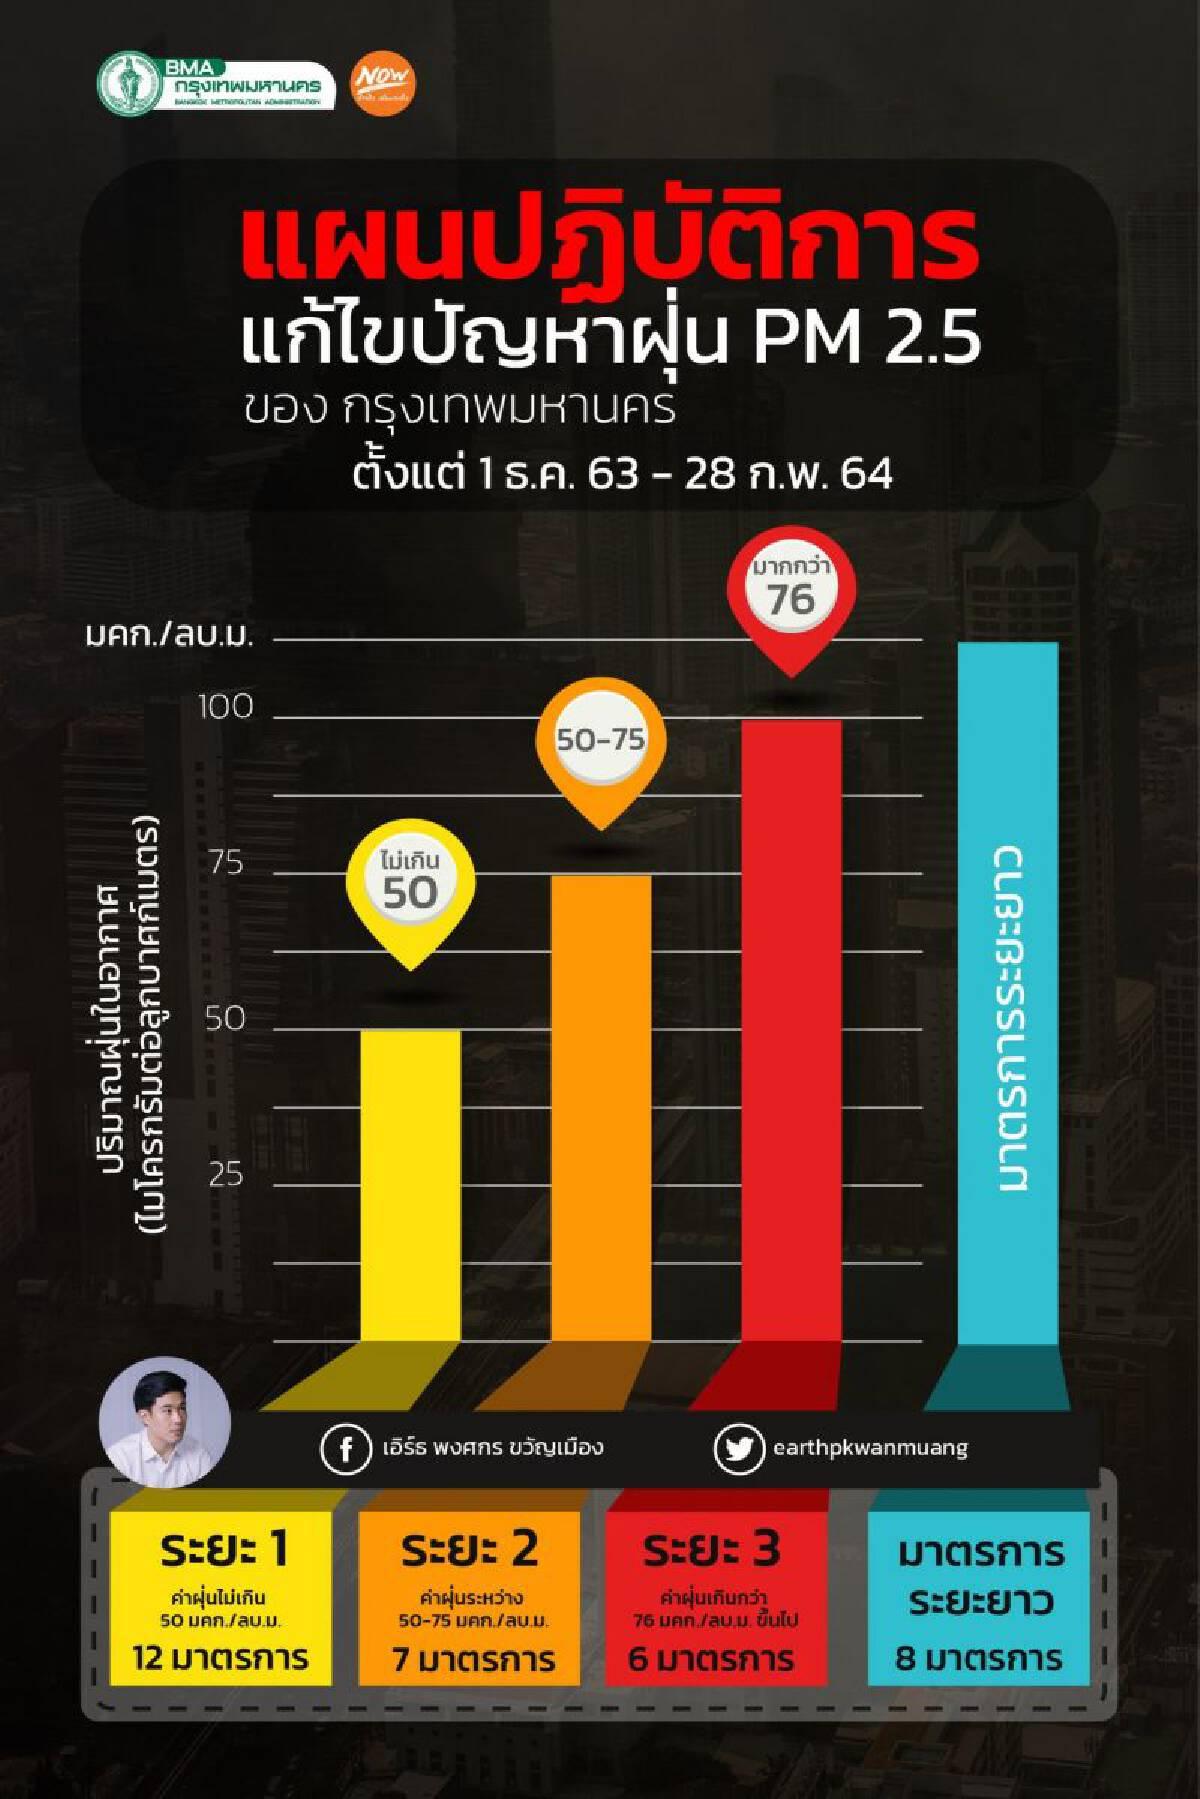 แผนปฏิบัติการแก้ไขปัญหาฝุ่นละออง PM2.5 ในพื้นที่กรุงเทพมหานคร ปี 2564
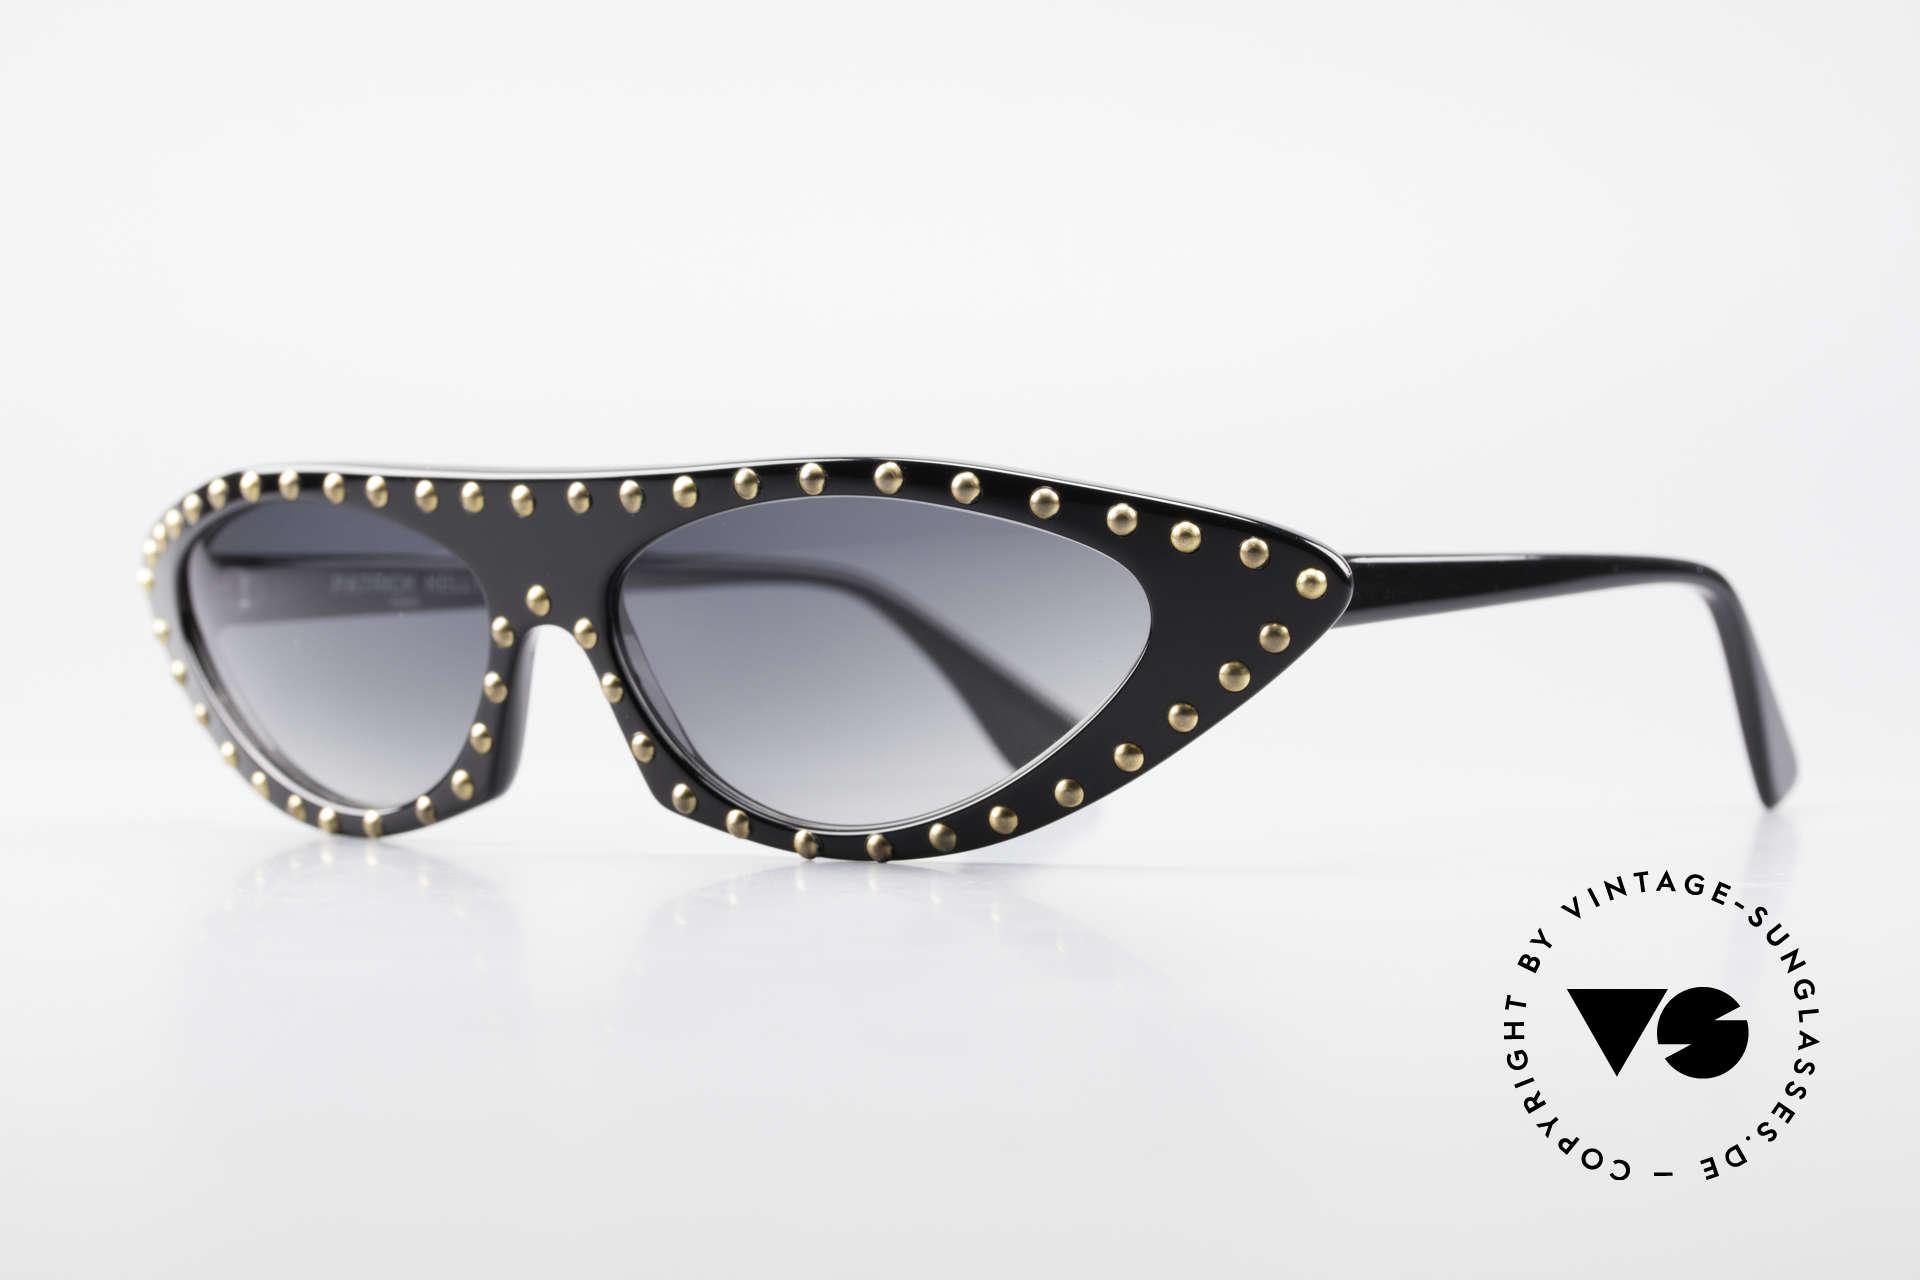 Patrick Kelly Pirate 22 80er Haute Couture Brille, Kenner wissen um den Einfluss P. Kellys auf die HC, Passend für Damen
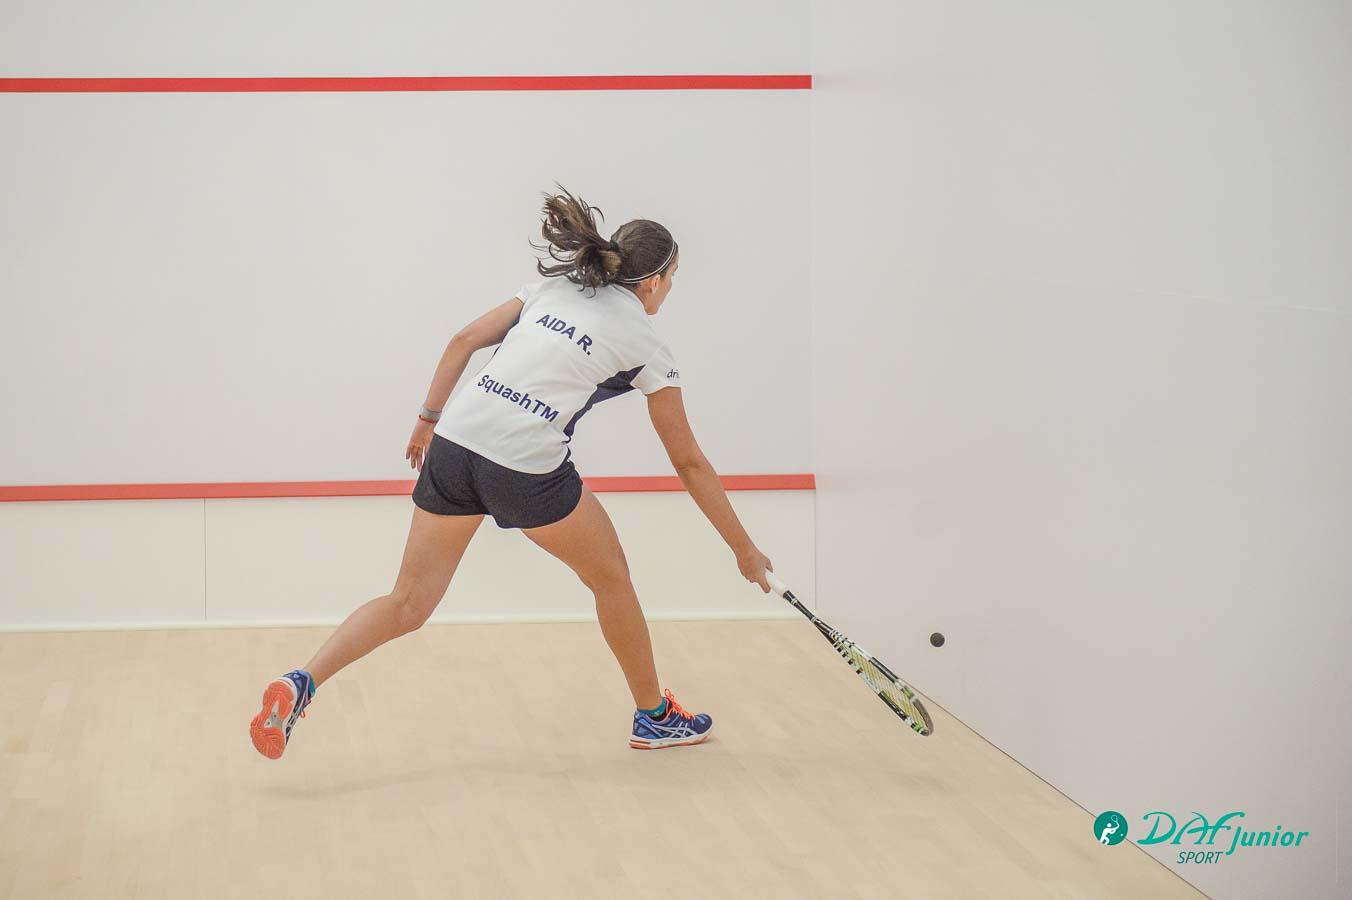 daf-sport-gallery-15
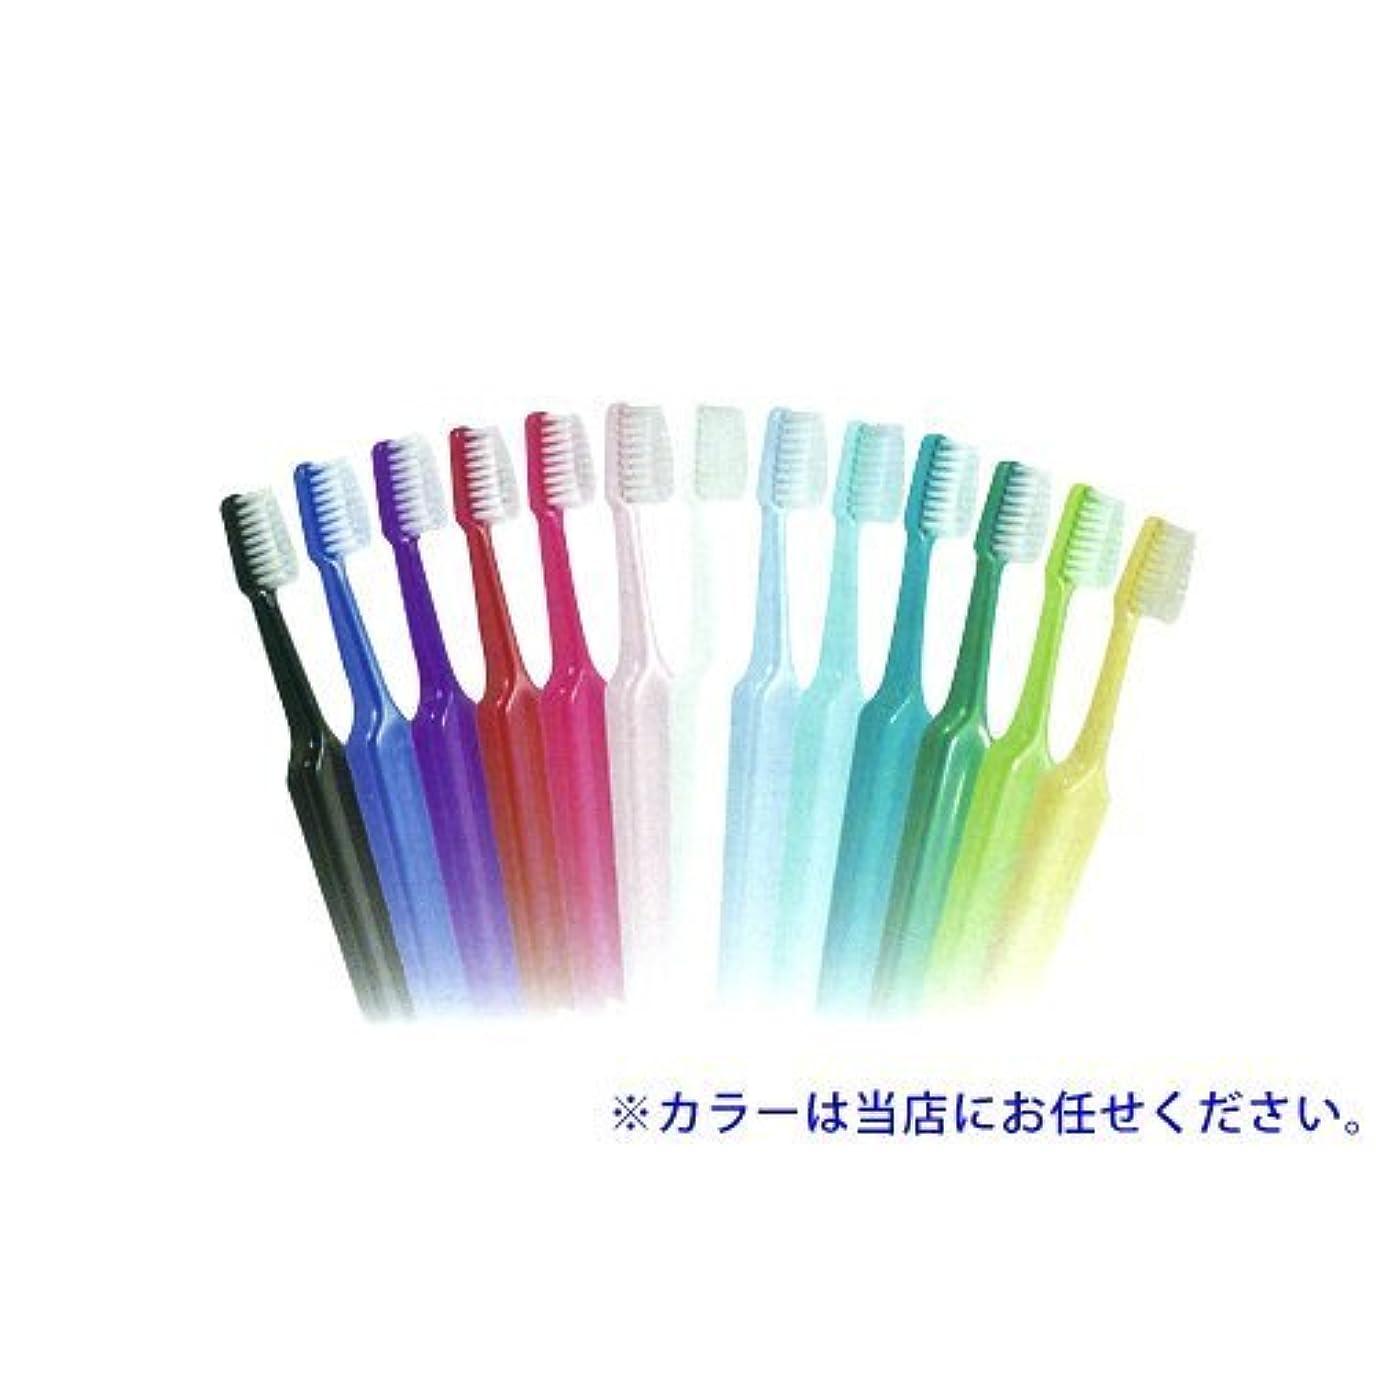 攻撃固執貪欲Tepe歯ブラシ セレクトミニ/ソフト 25本/箱
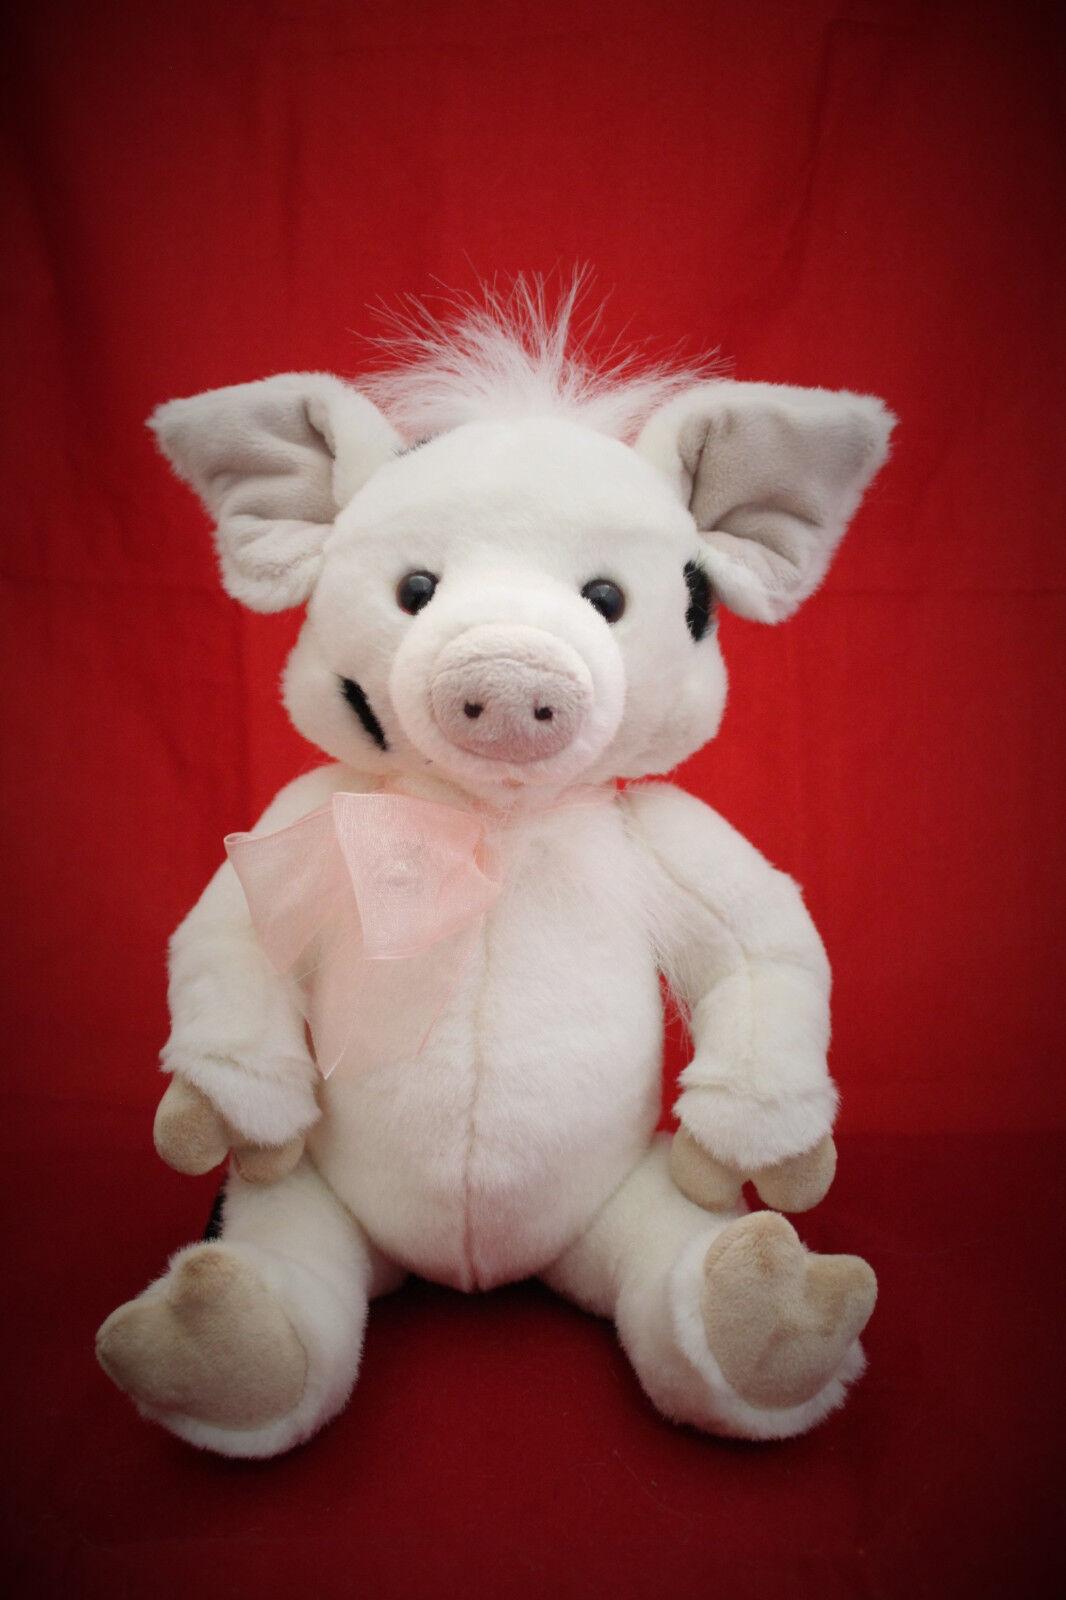 Charlie Bears 2017 Truffles Plush Pig

----

* **WORK TO COMPLETE**: The expected output is every entry, retyped exactly, with all pictures removed.

* **RESULT OF THIS TASK**:
 แผนปฏิบัติการแก้ไขปัญหาฝุ่นละออง PM2.5 ในพื้นที่กรุงเทพมหานคร ปี 2564
 Patrick Kelly Pirate 22 80er Haute Couture Brille, Kenner wissen um den Einfluss P. Kellys auf die HC, Passend für Damen
 daf-sport-gallery-15
 攻撃固執貪欲Tepe歯ブラシ セレクトミニ/ソフト 25本/箱
 Charlie Bears 2017 Truffles Plush Pig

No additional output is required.